WHAT THE TASK REQUIRES >> Below are the entries; give again exactly the lines from the one mentioning "cea616544 Sport-Tek® Ladies" through the one mentioning "Honda Accord 2019", inclusive.
==== GIVEN INFORMATION
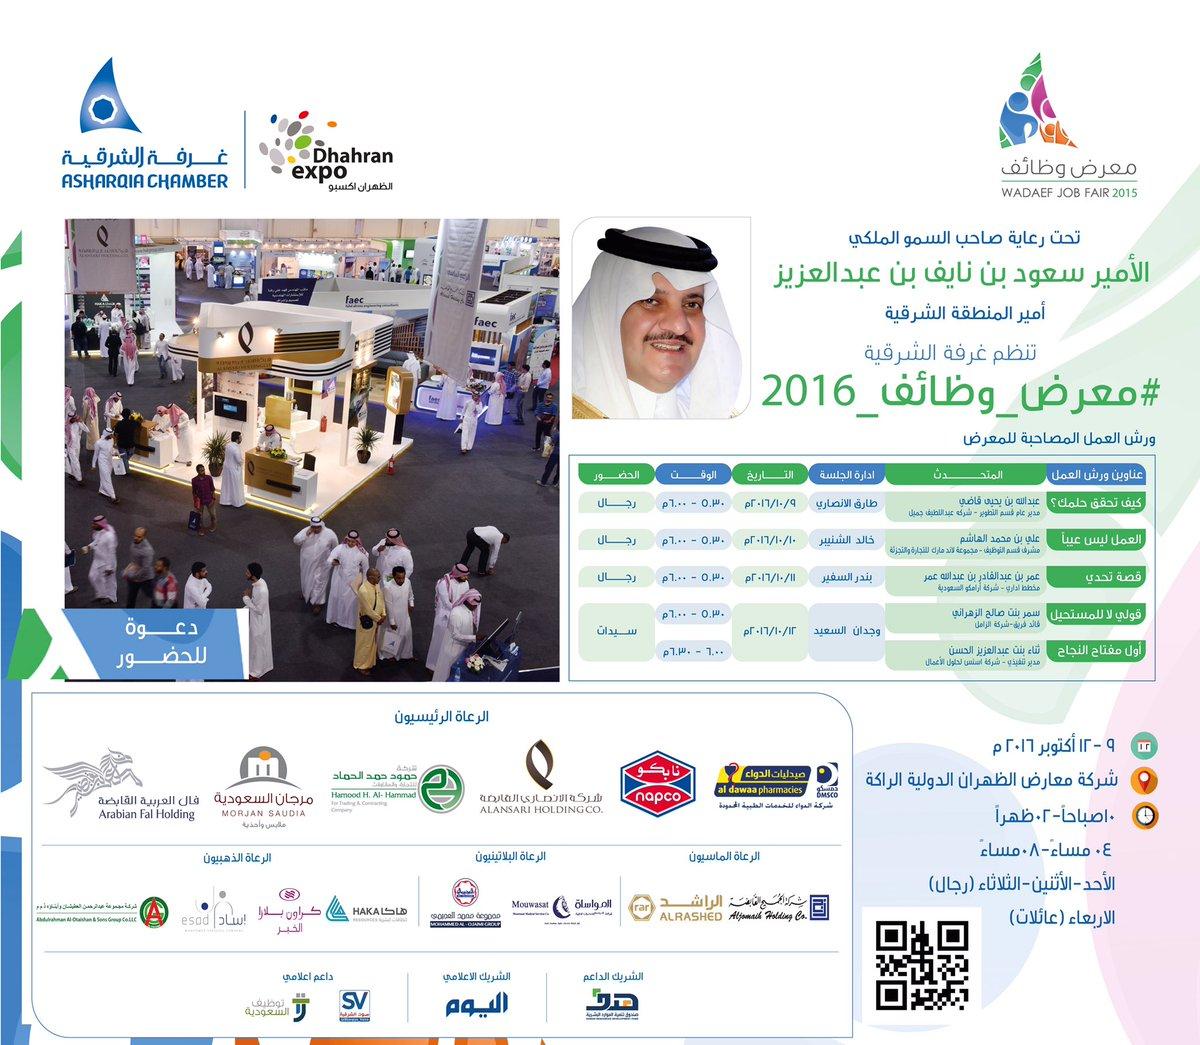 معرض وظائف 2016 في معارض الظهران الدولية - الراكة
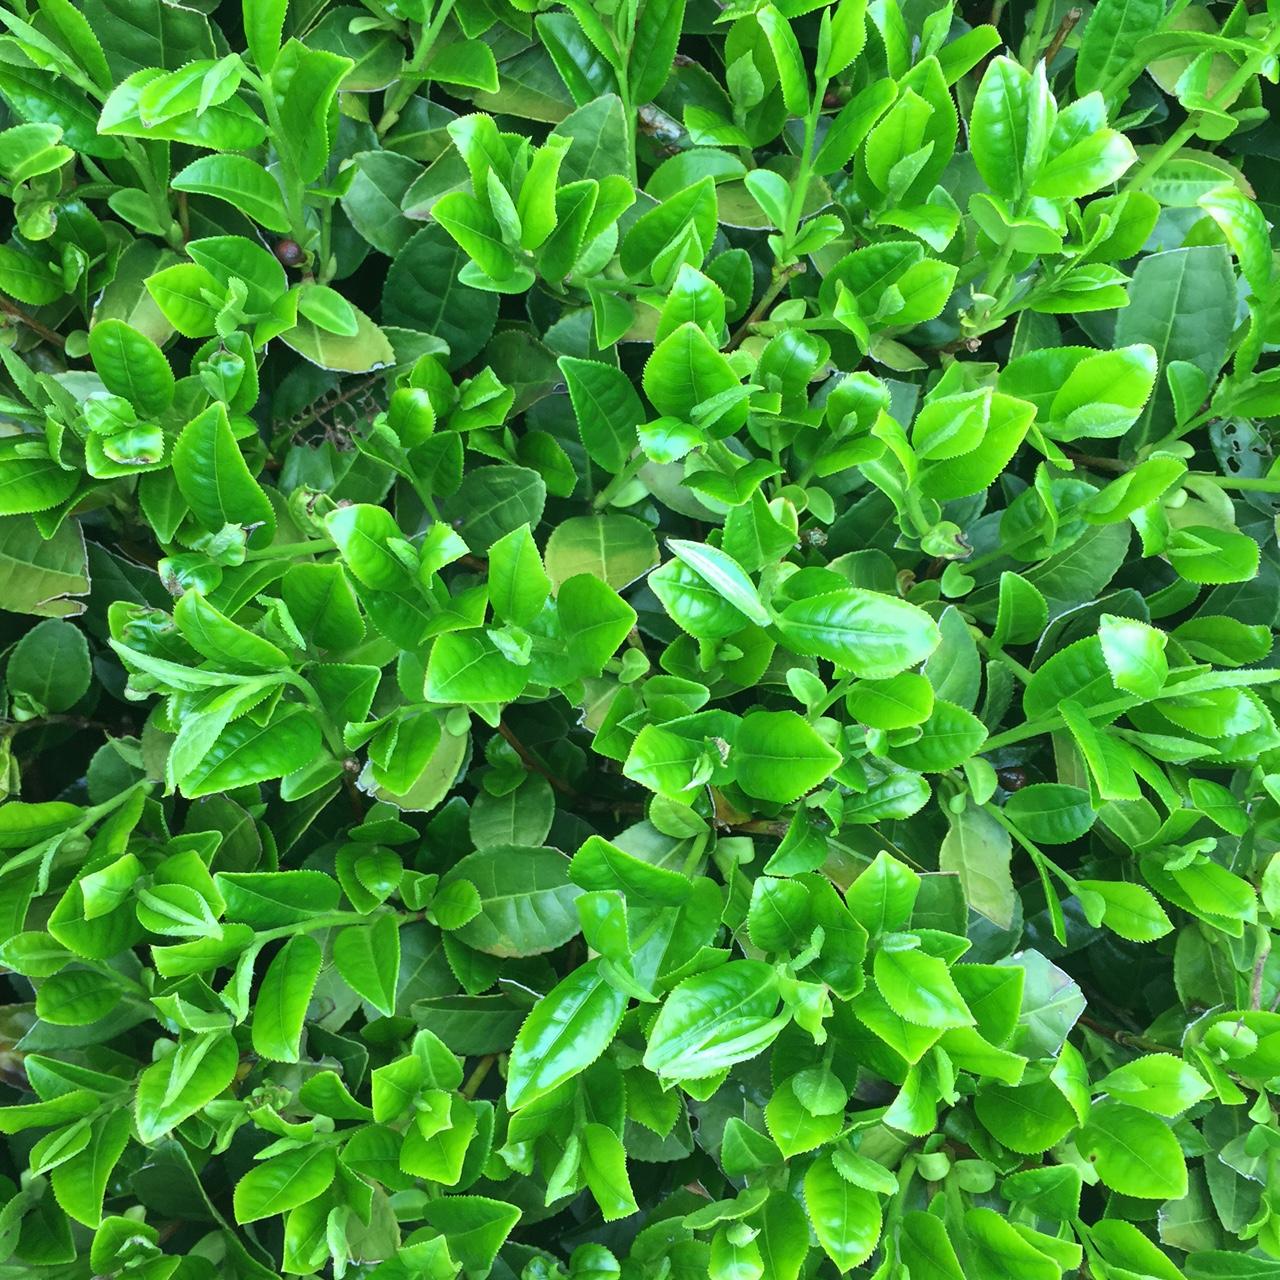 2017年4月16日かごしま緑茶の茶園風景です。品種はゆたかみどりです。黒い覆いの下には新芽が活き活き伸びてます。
========
==== GIVEN INFORMATION
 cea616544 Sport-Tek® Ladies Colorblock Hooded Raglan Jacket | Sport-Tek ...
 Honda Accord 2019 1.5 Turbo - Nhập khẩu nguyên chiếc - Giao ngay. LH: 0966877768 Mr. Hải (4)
========
==== GIVEN INFORMATION
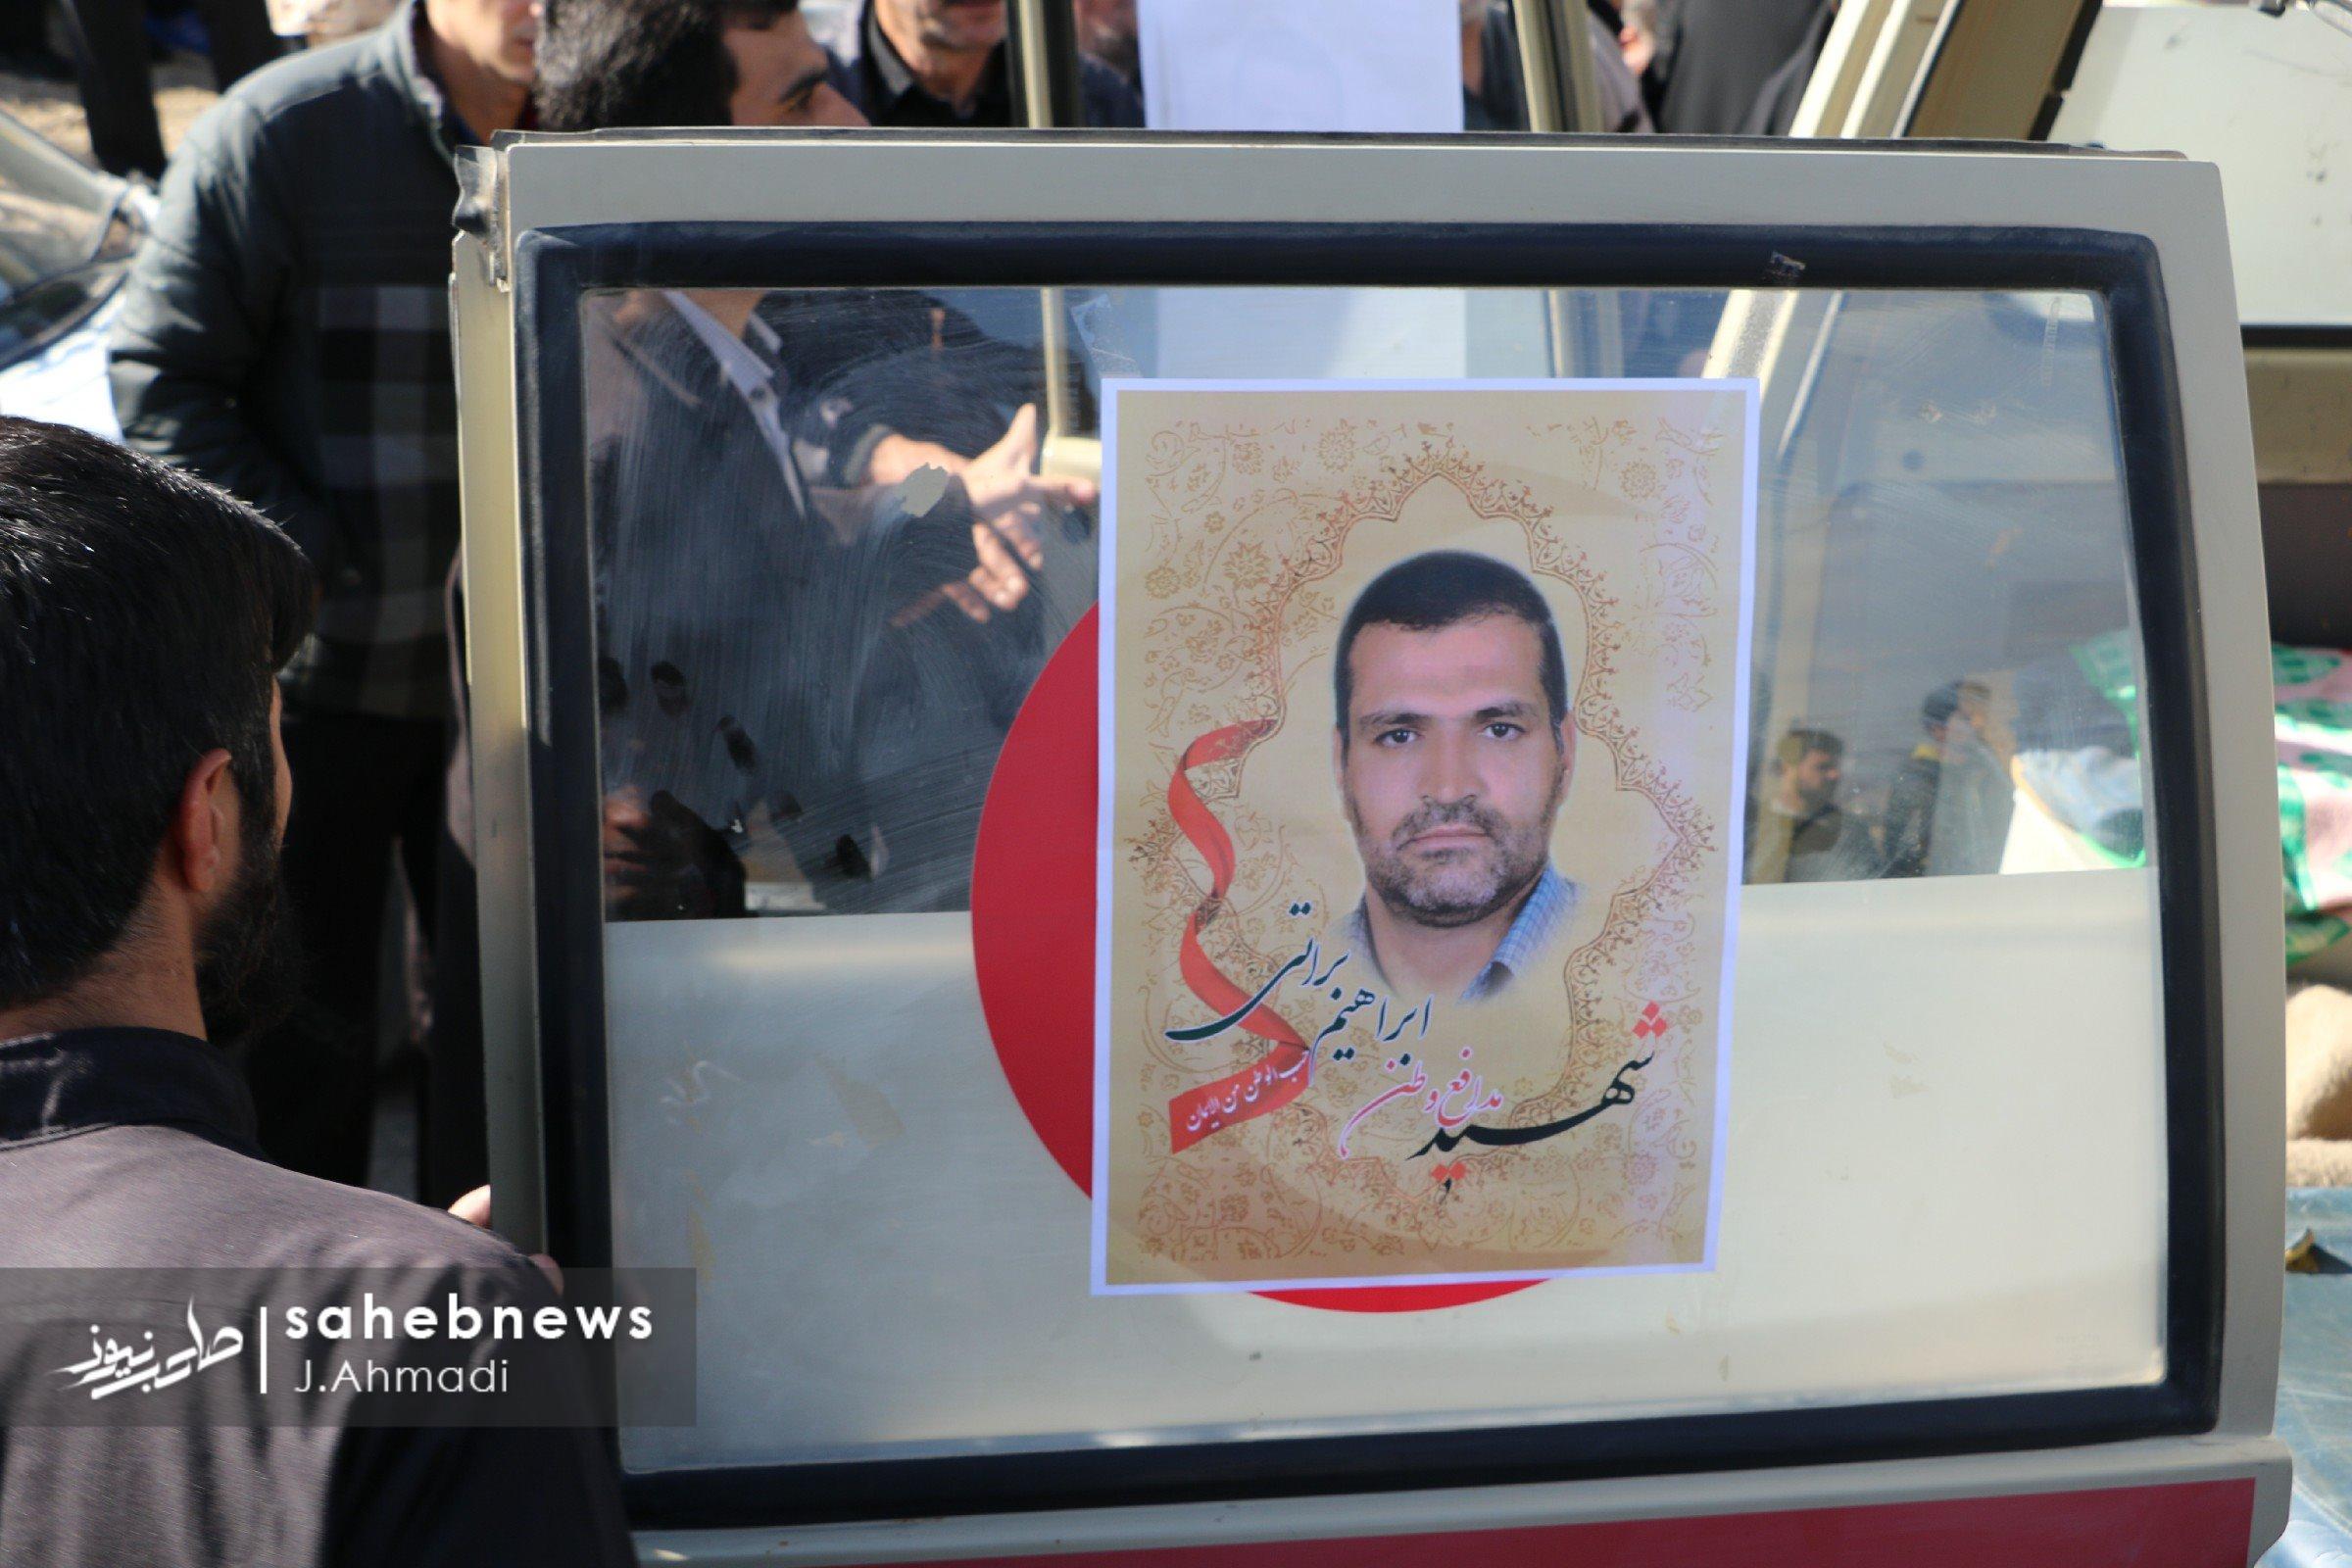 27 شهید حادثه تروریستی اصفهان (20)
========
FINISHED EXERCISE >>
 cea616544 Sport-Tek® Ladies Colorblock Hooded Raglan Jacket | Sport-Tek ...
 Honda Accord 2019 1.5 Turbo - Nhập khẩu nguyên chiếc - Giao ngay. LH: 0966877768 Mr. Hải (4)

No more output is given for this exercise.